It seemed incredible to Carl that these people were housing hearts and minds, for he could see them only as so many sterile lumps of flesh that were using every desperate trick to minimize the crawling shadow of their unimportant graves. Two of the women knew him and greeted him with an insincere and inquisitive cordiality.
“Wh-y-y, Mister Felman, when did you get back?” said Mrs. Rosenthal, the fattest of the group.
“I returned yesterday,” answered Carl, injecting a great solemnity into his voice.
“Yesterday? Well, well. And did you have a nice time in the army? I’ve been told that it’s really marvelous for a man—makes him so strong and healthy. And then all the traveling about, you know, must be so interesting.”

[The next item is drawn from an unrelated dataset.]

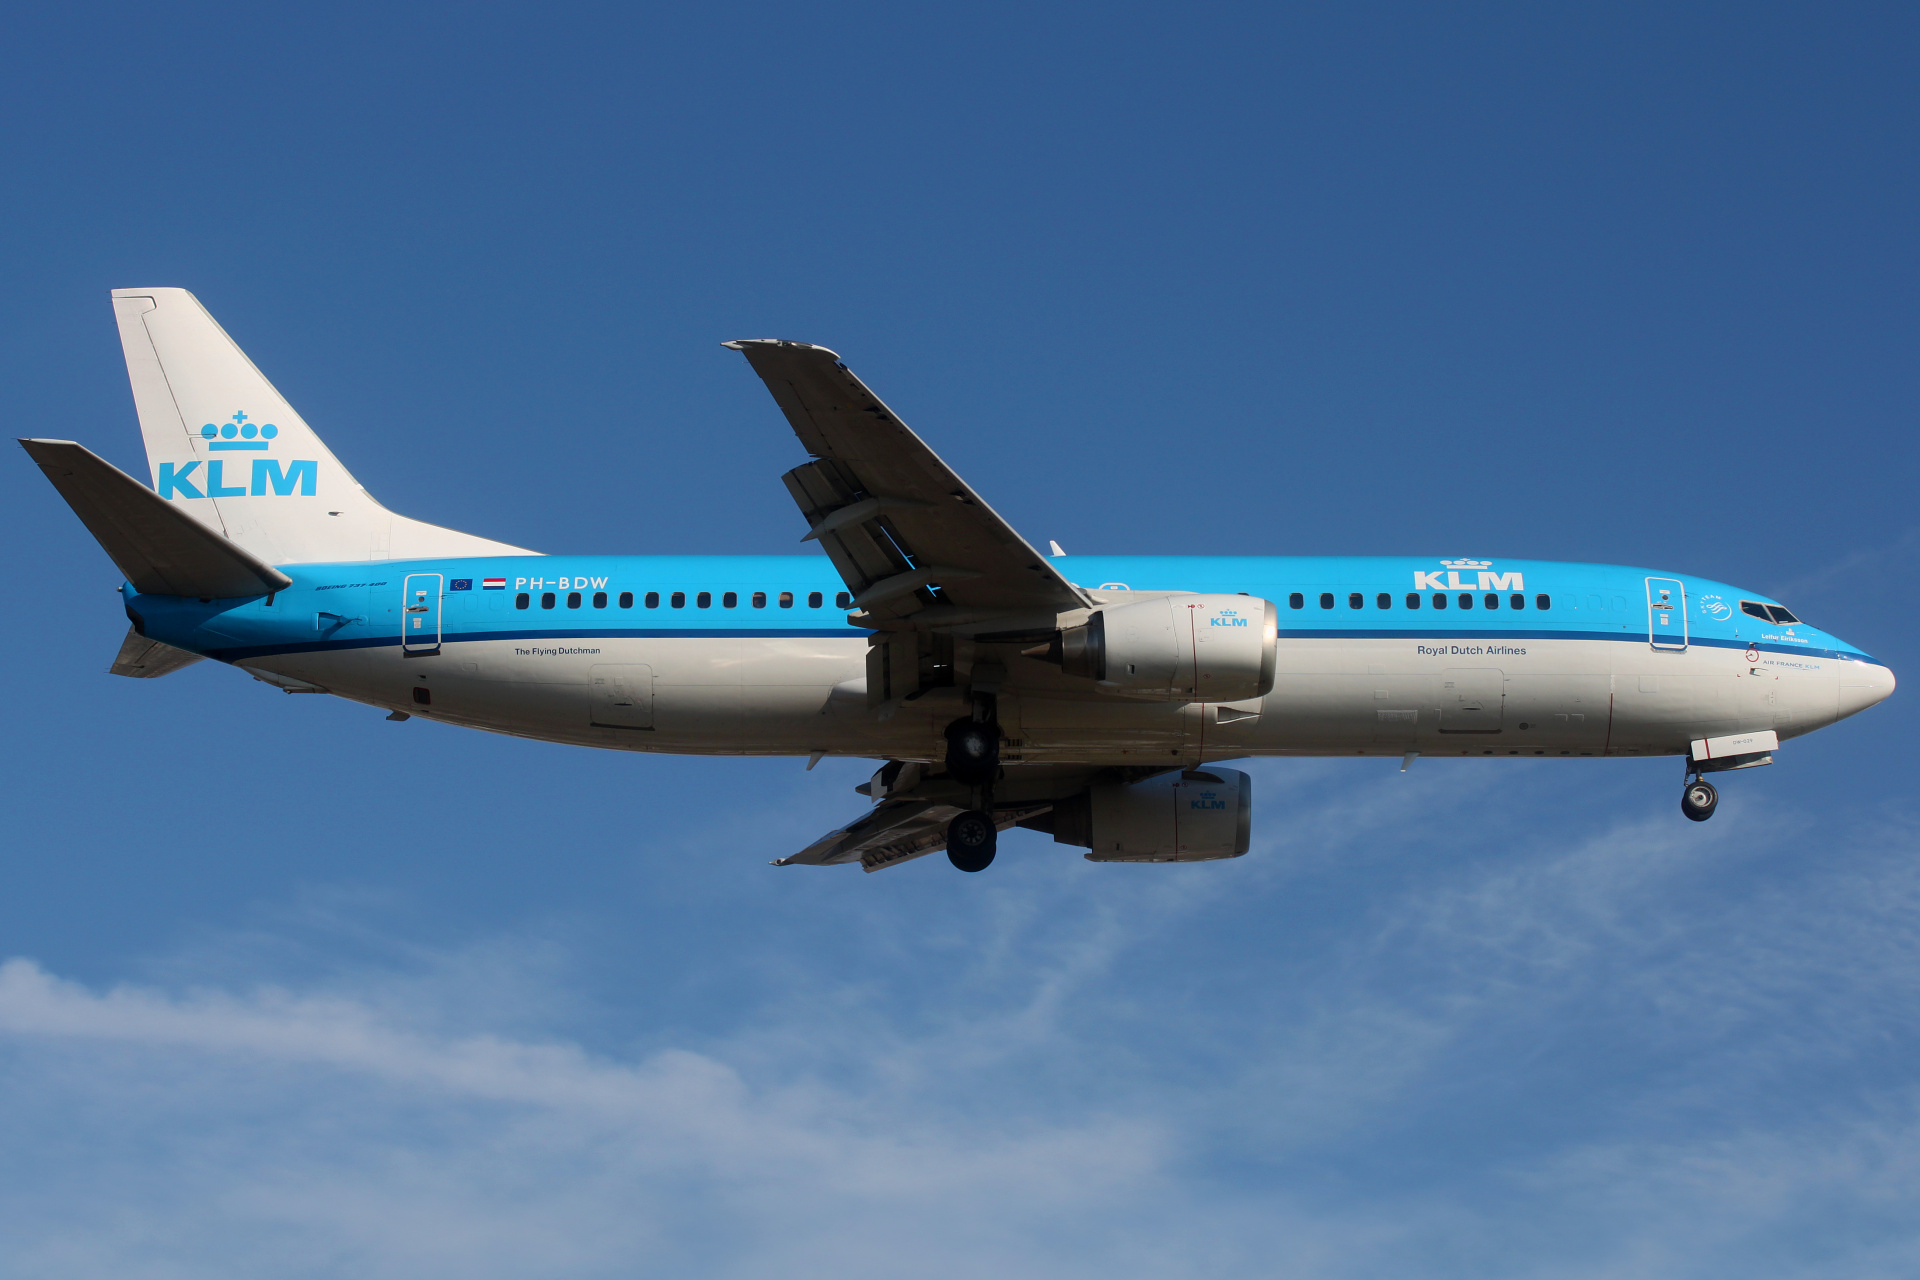 PH-BDW, KLM Royal Dutch Airlines (Aircraft » EPWA Spotting » Boeing 737-400)
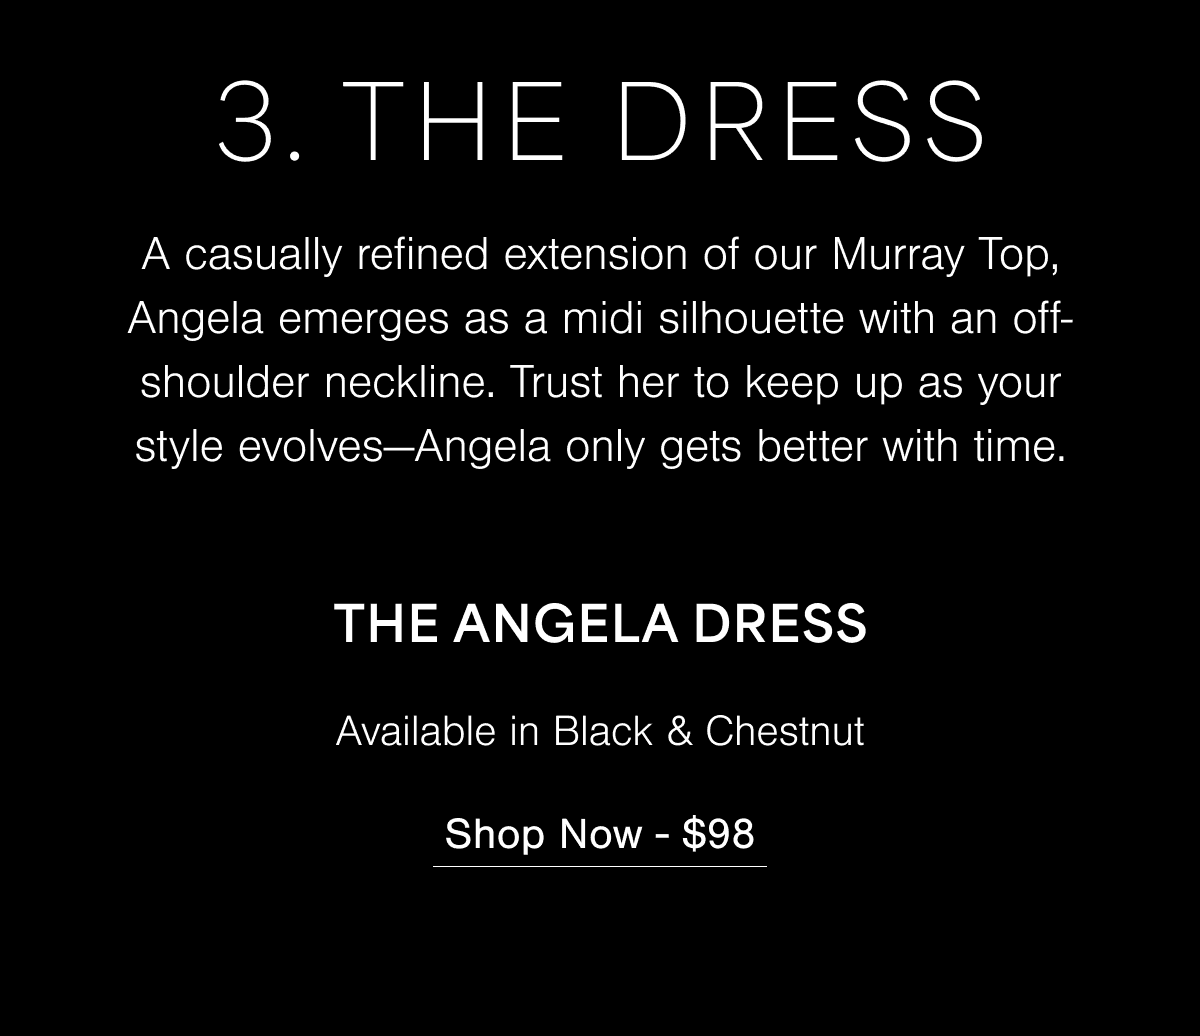 The Angela Dress

“Oh, ye-e-es, it’s a wonderful place,” said Carl, gravely mimicking her drawling voice. “Bands, and uniforms, and parades. It’s really quite fascinating.”
“Well, I’m so glad you liked it,” said Mrs. Benjamin, another woman in the group, who felt that it was time to advance a well-placed sentence. “I want you to meet my husband. Mo, this is Mister Felman, who’s just come back from the army.”
“Glad t’ meet yuh,” said the man on the doorstep, blurring the words in a swiftly mechanical fashion, but looking very closely at Carl.
Carl returned the salutation in the same fashion, taking a shade of amusement from his parrot-like impulse. These hollow creatures—what else could one do save to imitate their mannerisms and ideas, for self-protection, and rob and defraud them at every opportunity, thus giving them a mild apology for existence? After another round of wary commonplaces he managed to break away. His mother met him at the door and he said “Hello” and was about to pass her when her sharp voice halted him.
“You haven’t got an ounce of affection in you! A nice way to greet your mother! Hello, and he walks right by like I was some boy he met on the street.”
For a moment Carl stood without answering. This woman who had given birth to him—an incomprehensible chuckle of an incident—was almost non-existent to his emotions—a mere shadow that held an incongruously raucous voice and guarded one of the gates of his surface prison. As he stood in the hallway, doubting the reality of her shrill voice, he asked himself: “Am I an inhuman monster, unfit to touch this woman’s dress, or am I a poet standing with candid erectness in an alien situation?”